→ Directions for this task:
All of the data goes into your copy exactly as written. Images do not.

→ Data provided:
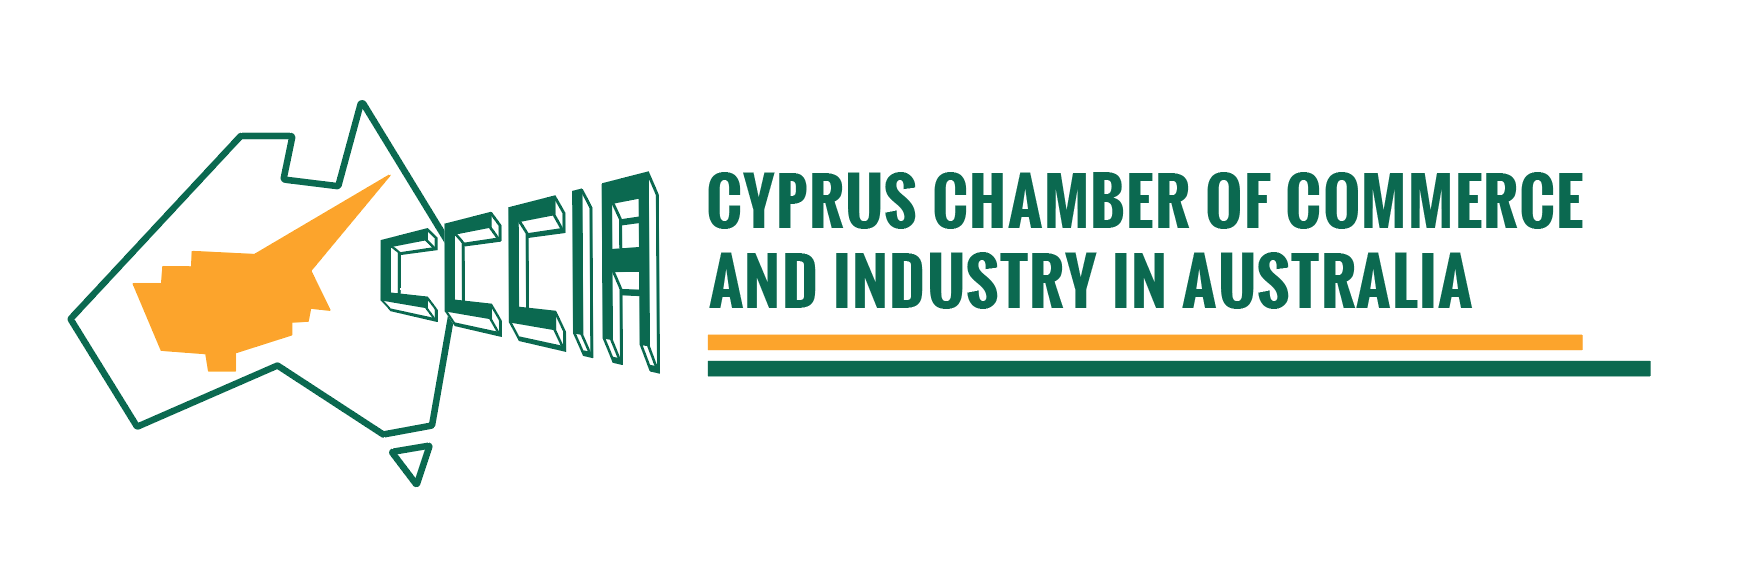 Cyprus Chamber of Commerce in Australia headshot
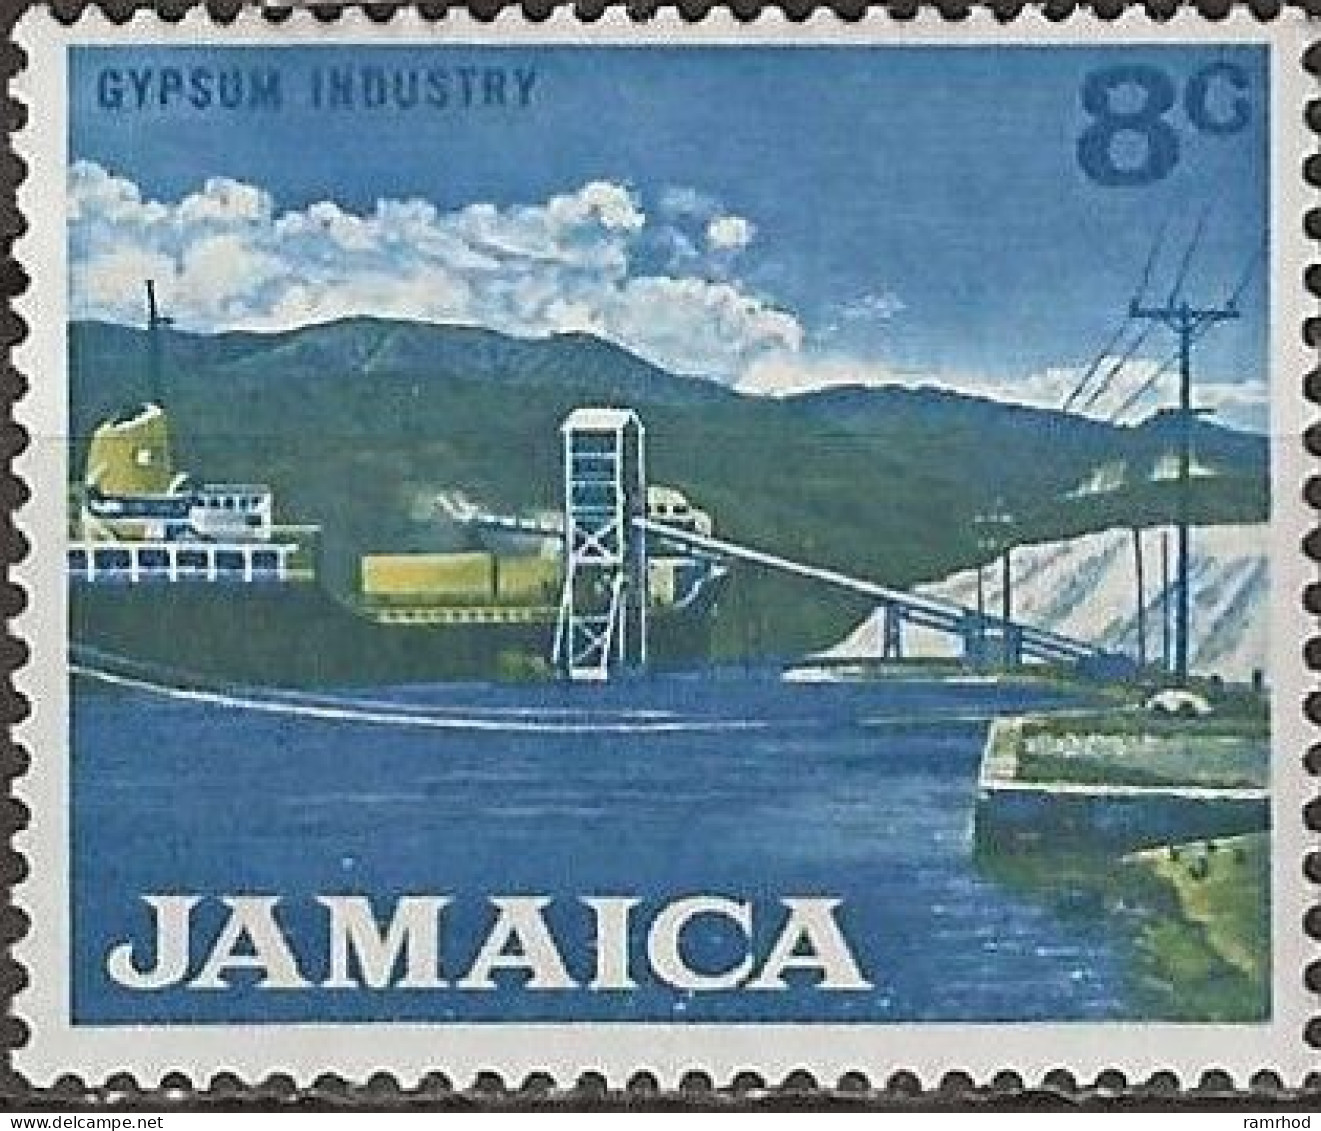 JAMAICA 1970 Decimal Currency - 8c Gypsum Industry MNH - Jamaica (1962-...)
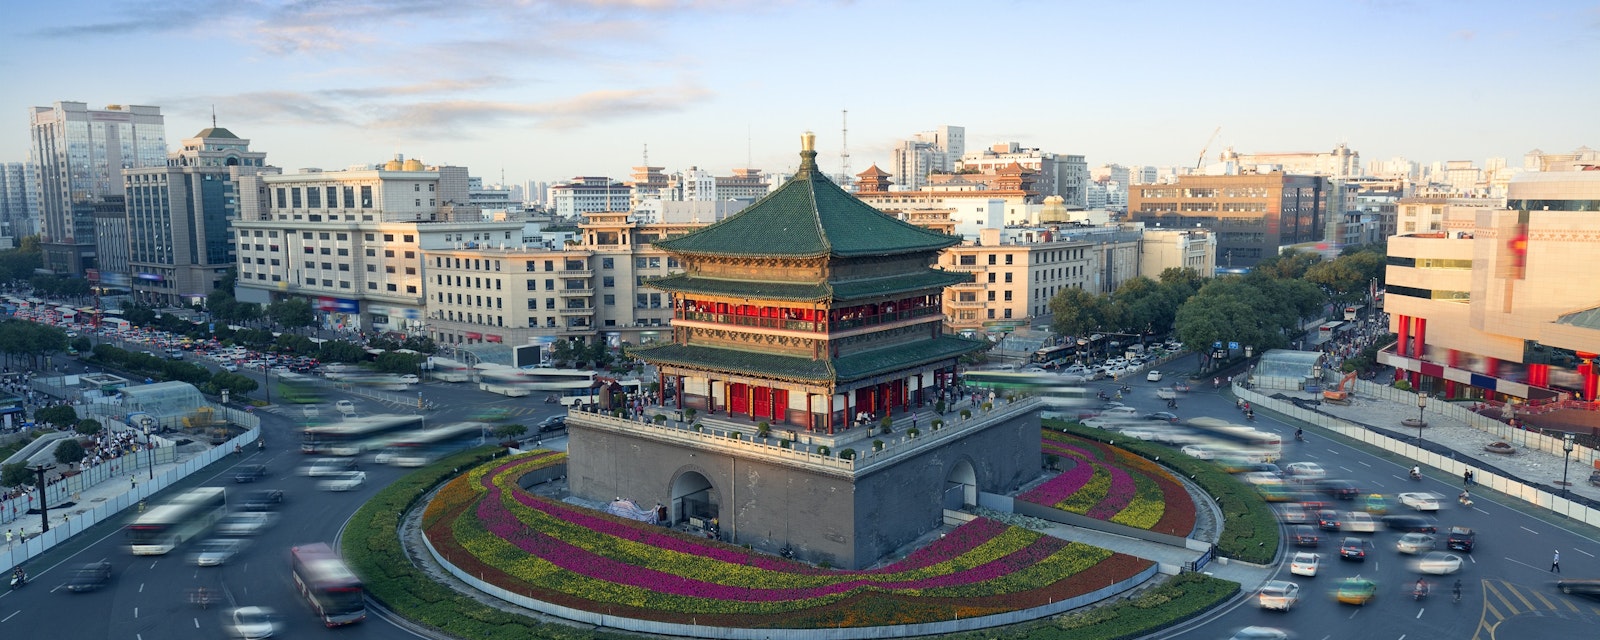 China,Xi’an,City,Landmark,,The,Bell,Tower

→ Exercise output:
 Cyprus Chamber of Commerce in Australia headshot
 JAMAICA 1970 Decimal Currency - 8c Gypsum Industry MNH - Jamaica (1962-...)
 China,Xi’an,City,Landmark,,The,Bell,Tower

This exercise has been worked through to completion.